9. Dans sa réponse du 14 février 2000, le département s'est opposé à la demande en révision. L'acquittement de M. S__________ n'établissait pas de manière définitive qu'il n'y avait jamais eu de commerce de cocaïne au V__________ et n'effaçait pas l'ensemble des déclarations des très nombreuses personnes entendues par la police mettant gravement en cause l'établissement, qui était manifestement devenu une plaque tournante pour consommateurs de trafiquants de cocaïne.

- 6 -

EN DROIT

1. Selon l'article 81 alinéa 1 de la loi sur la procédure administrative du 12 septembre 1985 (LPA - E 5 10), la demande en révision doit être adressée par écrit à la juridiction qui a statué dans les trois mois dès la découverte du motif de révision.

En l'espèce, le motif de révision invoqué est le jugement du Tribunal de police du 17 septembre 1999, dont les demandeurs en révision n'auraient eu connaissance que dans la semaine du 15 au 19 octobre, voire ultérieurement. Les demandeurs n'apportent aucun élément de preuve à l'appui de leurs allégations, de telle sorte qu'il est impossible de déterminer à quelle date exacte ils ont eu connaissance de ce jugement. Le département quant à lui s'en rapporte à l'appréciation du Tribunal administratif.

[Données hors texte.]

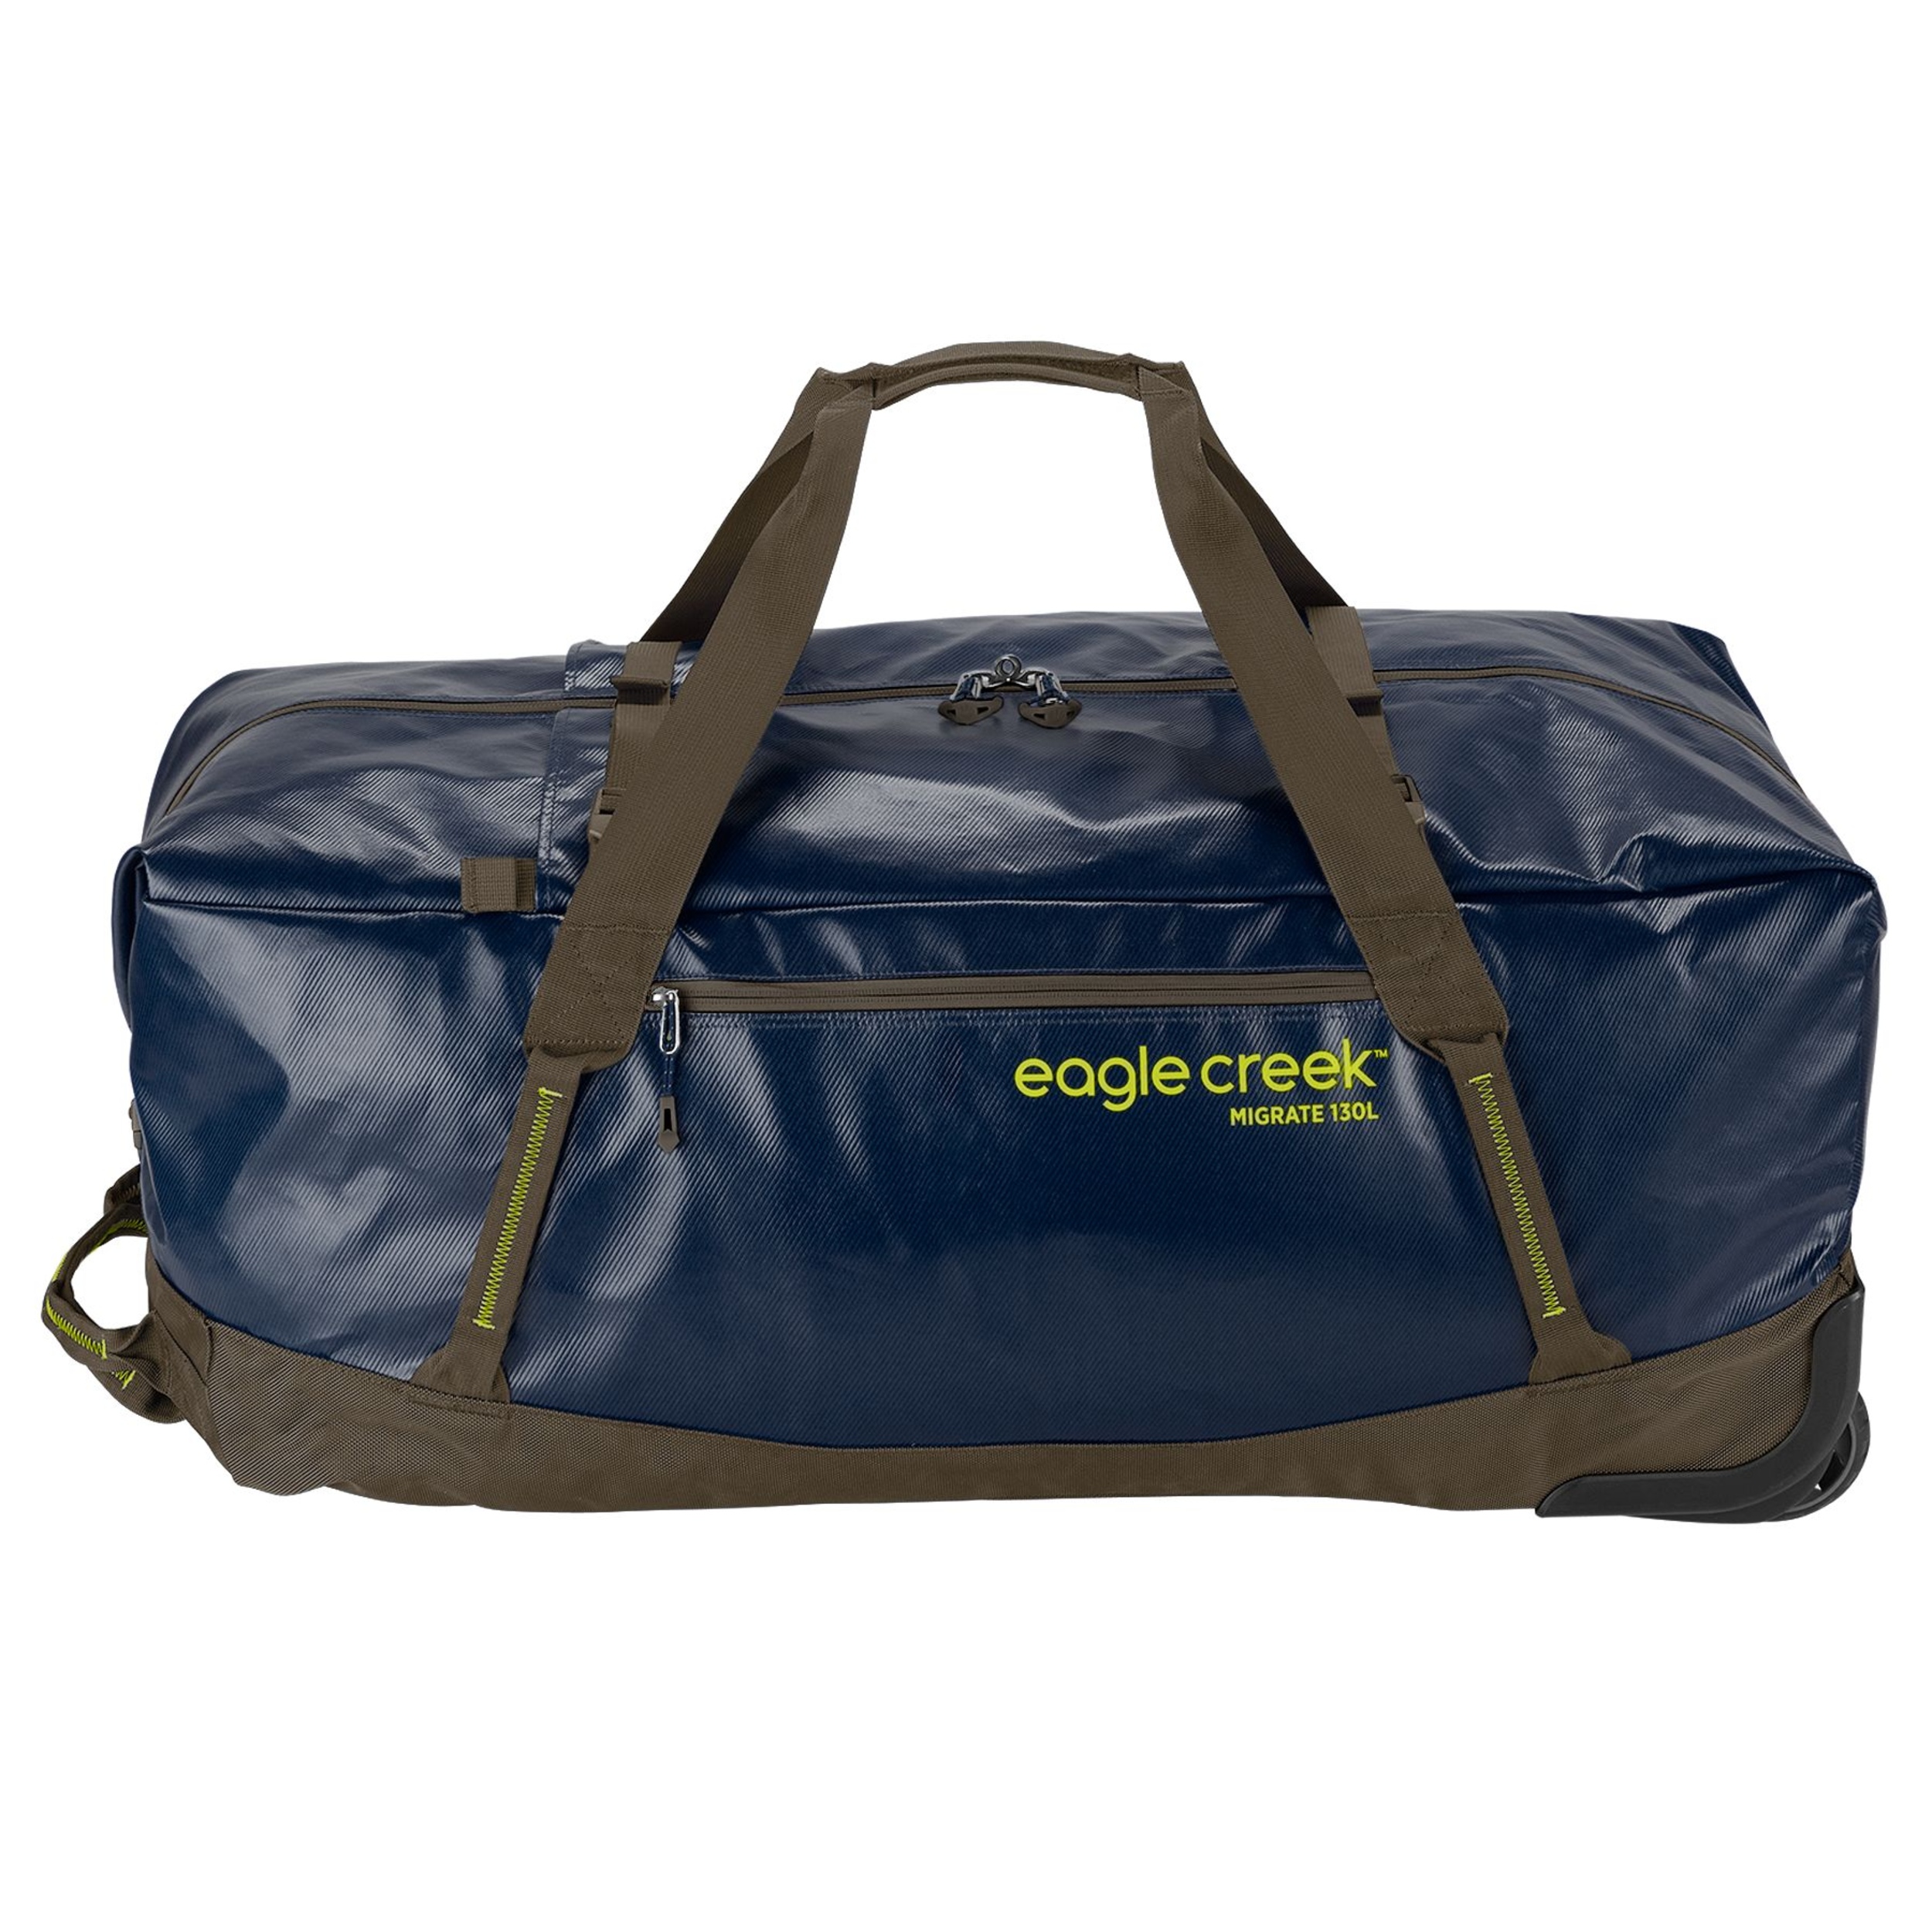 Eagle Creek Migrate 130L Wheeled Duffel Bag | SportChek

La question de la recevabilité formelle de la demande en révision peut néanmoins souffrir de rester indécise, dès lors que cette demande doit de toute façon être rejetée.

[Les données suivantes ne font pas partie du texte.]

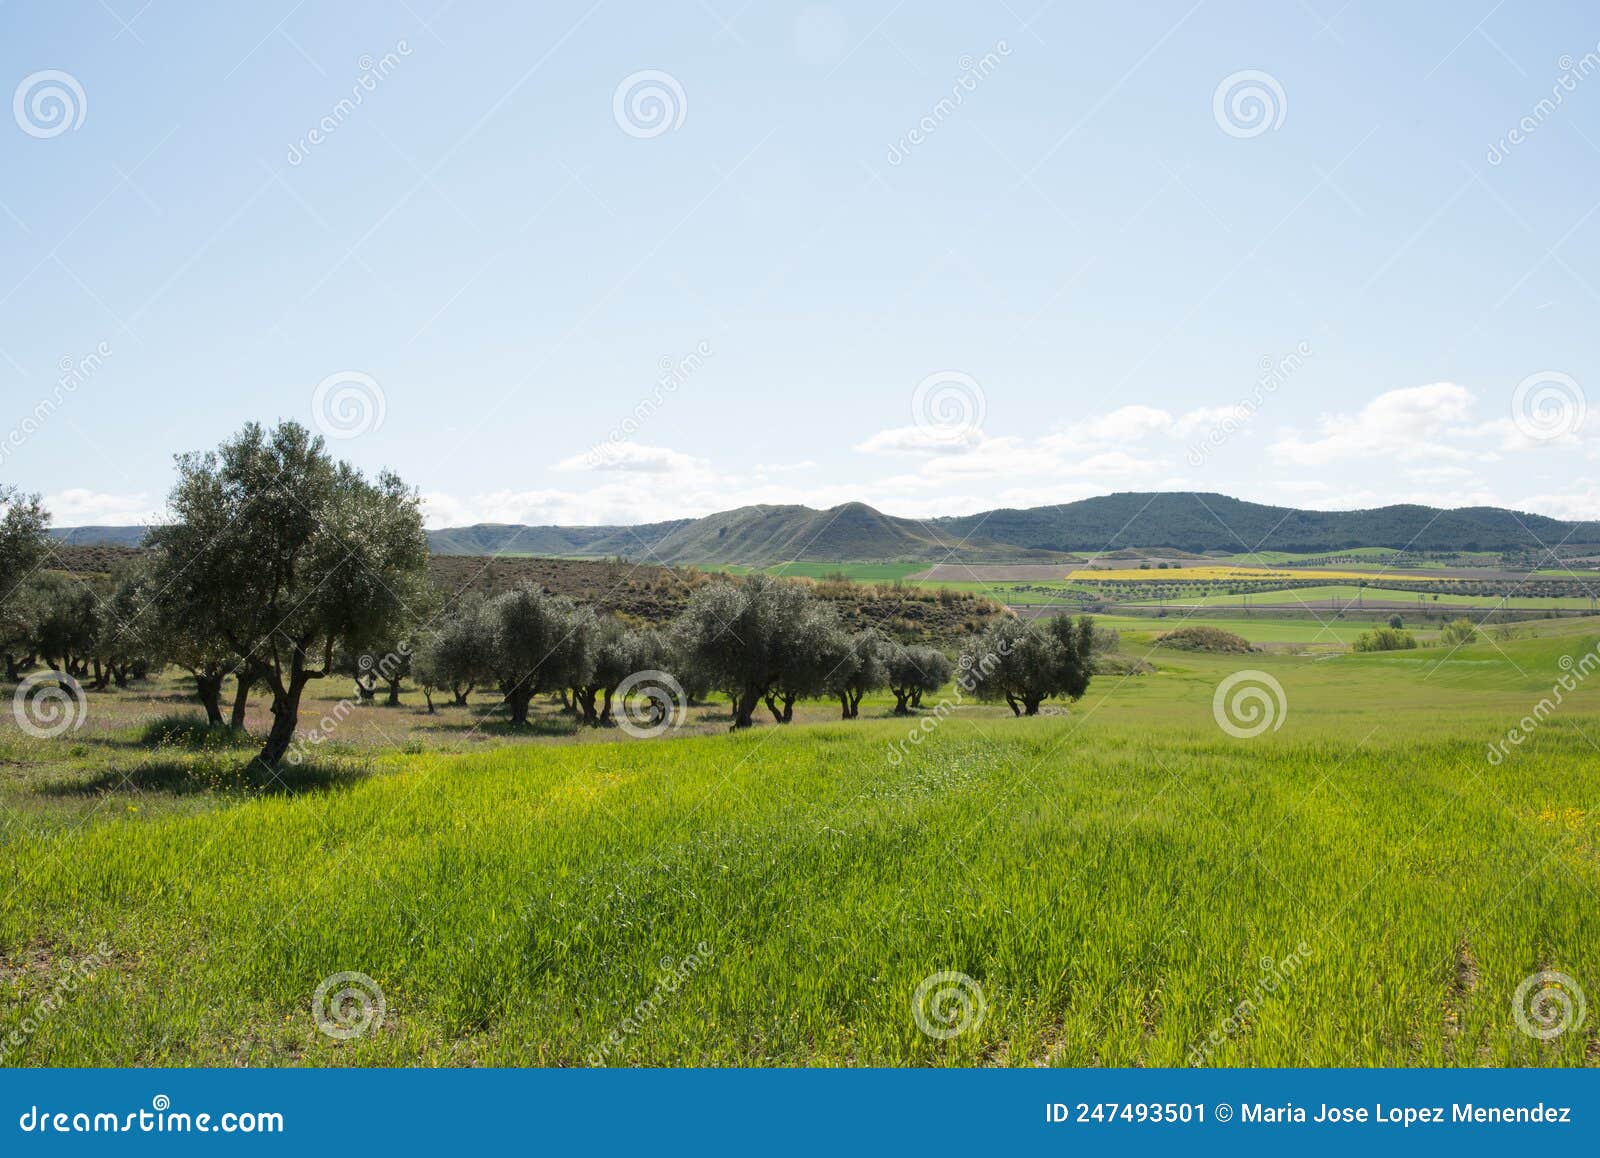 beautiful landscape in springtime. green fields, trees and blue sky. los cerros park, alcala de henares, madrid

2. a. Il y a lieu à révision, lorsque dans une affaire réglée par une décision définitive, il apparaît que des faits ou des moyens de preuve nouveaux et importants existent, que le demandeur ne pouvait connaître ou invoquer dans la procédure précédente (art. 80 litt. b LPA).

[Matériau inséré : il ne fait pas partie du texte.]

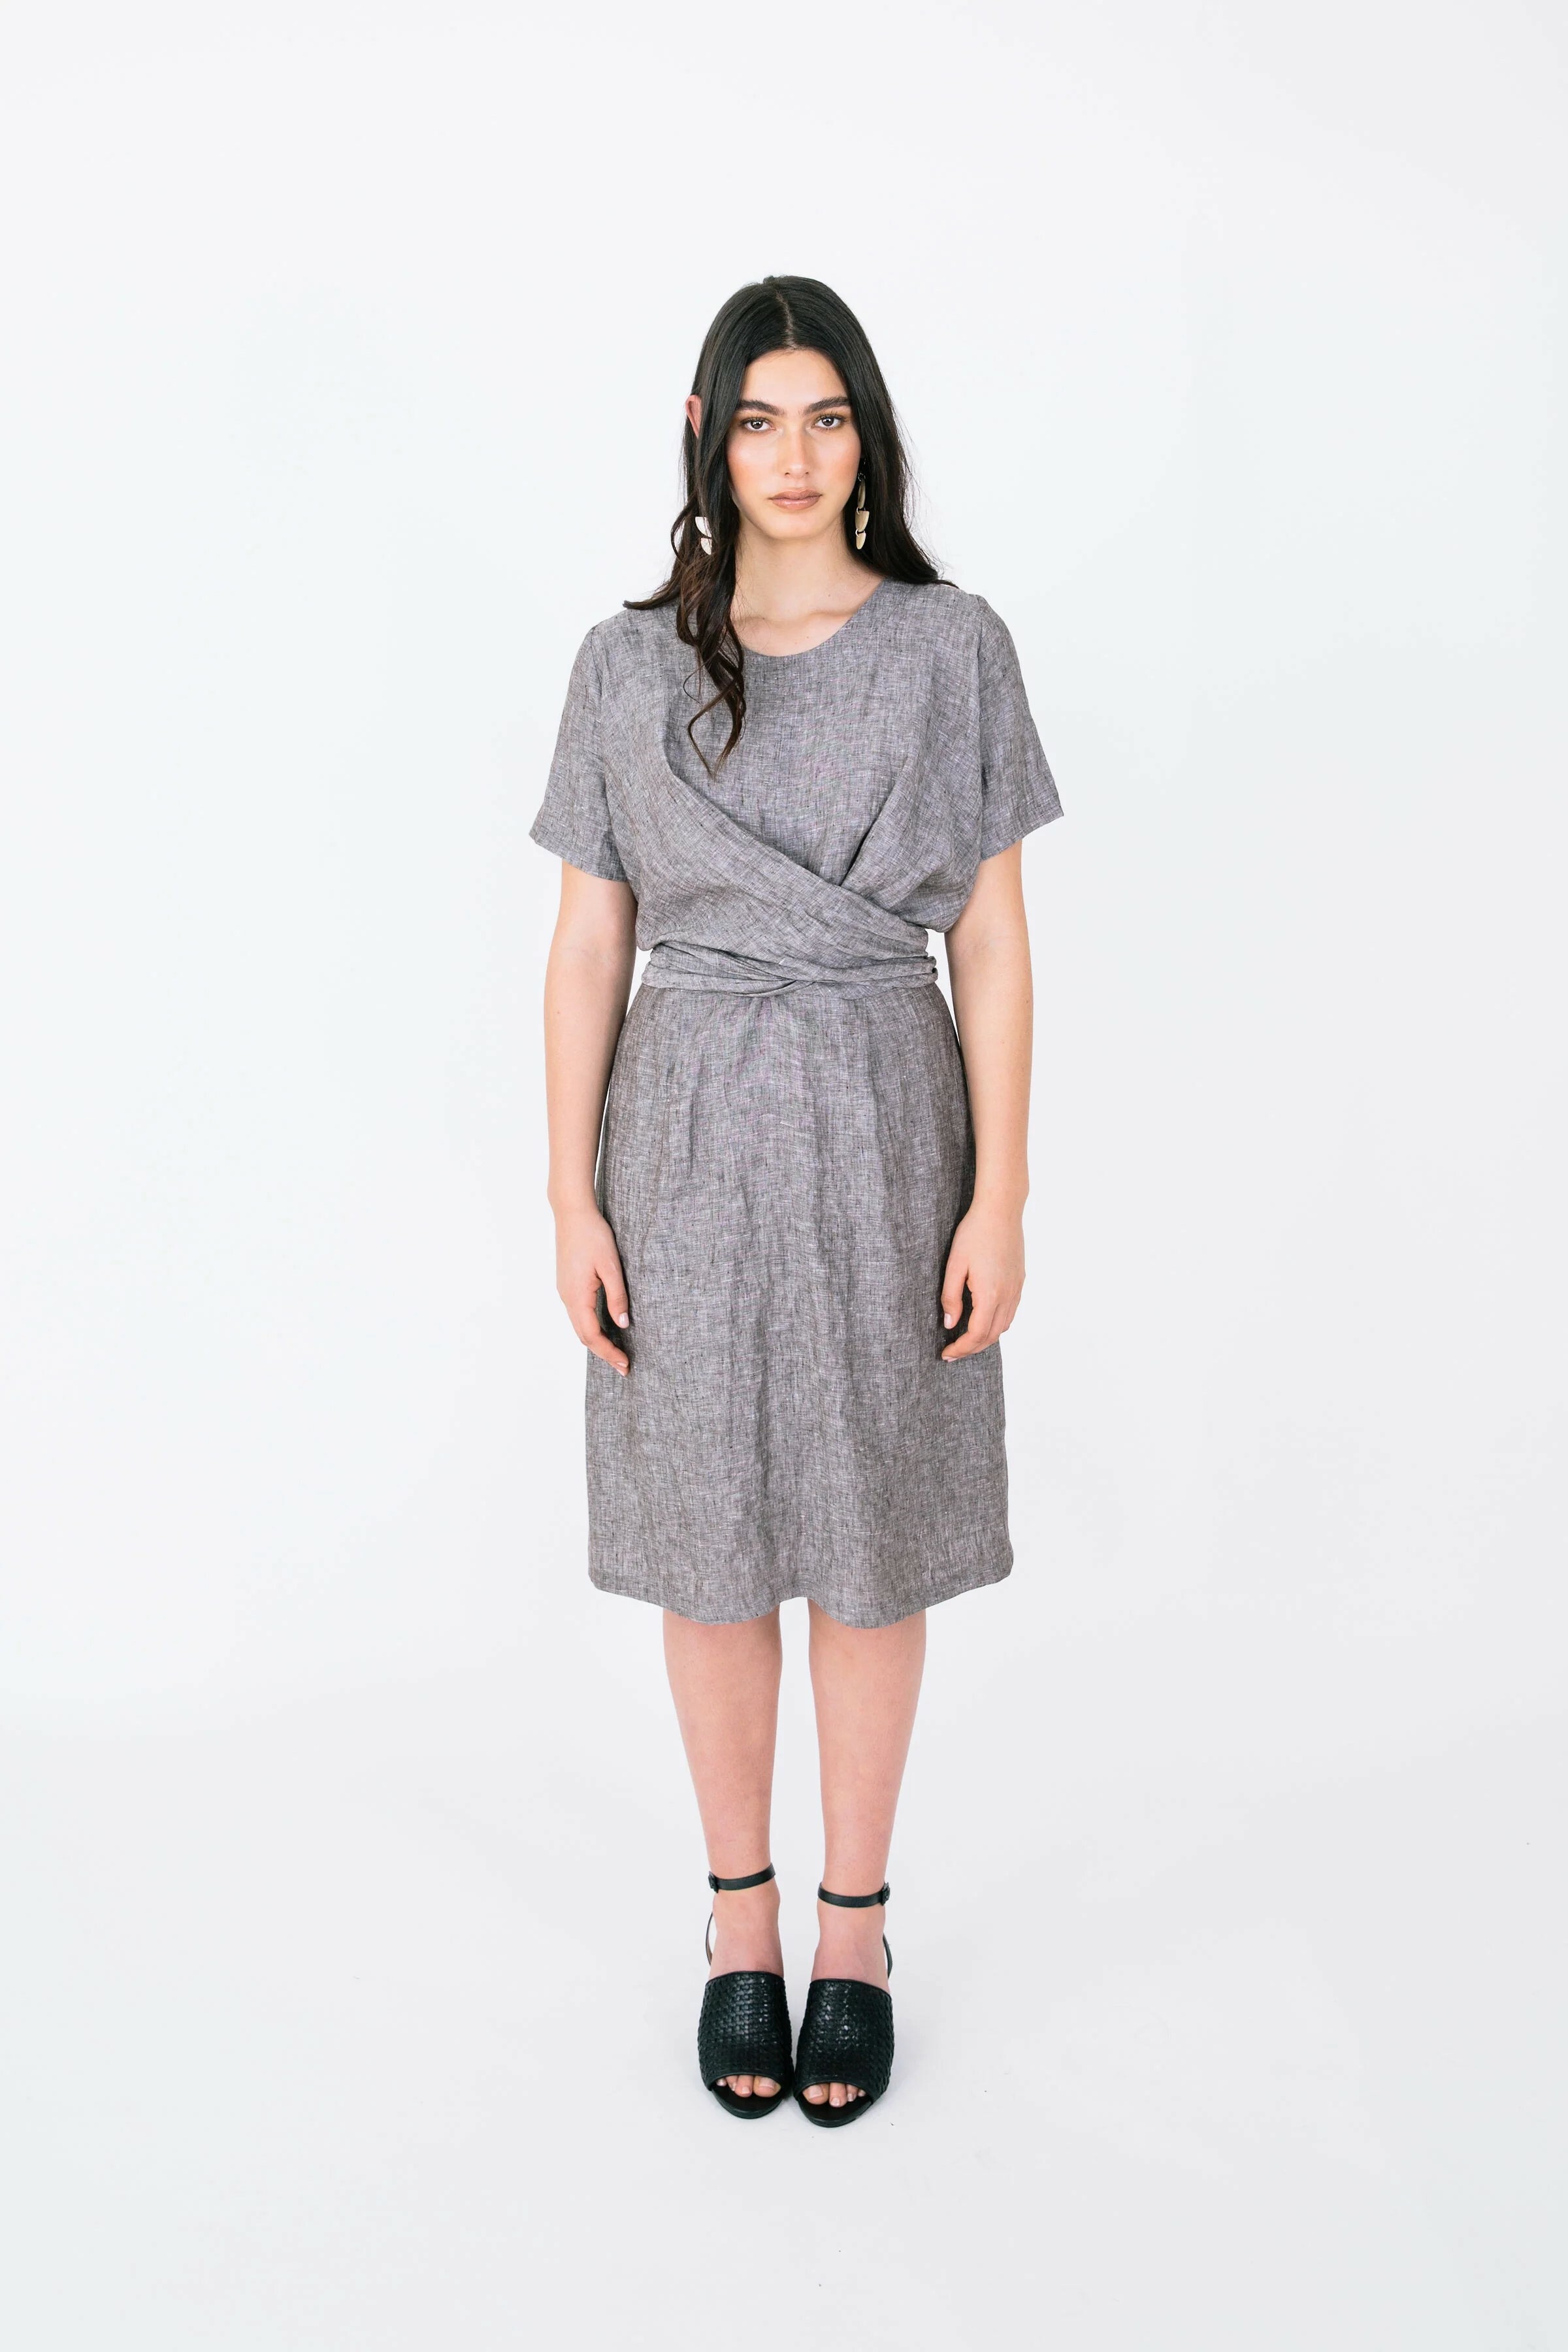 Buy Papercut Patterns Meridian Dress Sewing Pattern

b. Par faits nouveaux, il convient d'entendre des faits qui se sont produits antérieurement à la procédure précédente, mais dont l'auteur de la demande de révision a été empêché, sans sa faute, de faire état dans la procédure précédente. Quant aux preuves nouvelles, pour justifier une révision, elles doivent se rapporter à des

- 7 faits antérieurs à la décision attaquée. Encore faut-il qu'elles n'aient pas pu être administrées lors du premier procès ou que les faits à prouver soient nouveaux, au sens où ils ont été définis (ATF 108 V 171 ss; 99 V 191; 98 II 255; 86 II 386; A. GRISEL, Traité de droit administratif 1984, p.944).

Faits nouveaux et preuves nouvelles ont un point commun : ils ne peuvent entraîner la révision que s'ils sont importants, c'est-à-dire de nature à influer sur l'issue de la contestation, à savoir s'ils ont pour effet qu'à la lumière de l'état de fait modifié, l'appréciation juridique doit intervenir différemment que dans le cas de la précédente décision. Un motif de révision n'est ainsi pas réalisé du seul fait qu'un Tribunal ait pu apprécier faussement des faits connus. Encore faut-il bien plus que cette appréciation erronée repose sur l'ignorance de faits essentiels pour la décision ou sur l'absence de preuves de tels faits. Quant à ces moyens de preuve nouveaux, ils doivent être de nature à modifier l'état de fait et, partant, le jugement ou la décision de manière significative (ATF 110 V 141; 108 V 171; 101 Ib 222; 99 V 191; 88 II 63; A. GRISEL, op. cit., p. 944; B KNAPP, Précis de droit administratif, 1988, p. 234; F GYGI, Bundesverwaltungsrechtspflege, 1983, pp. 262, 263).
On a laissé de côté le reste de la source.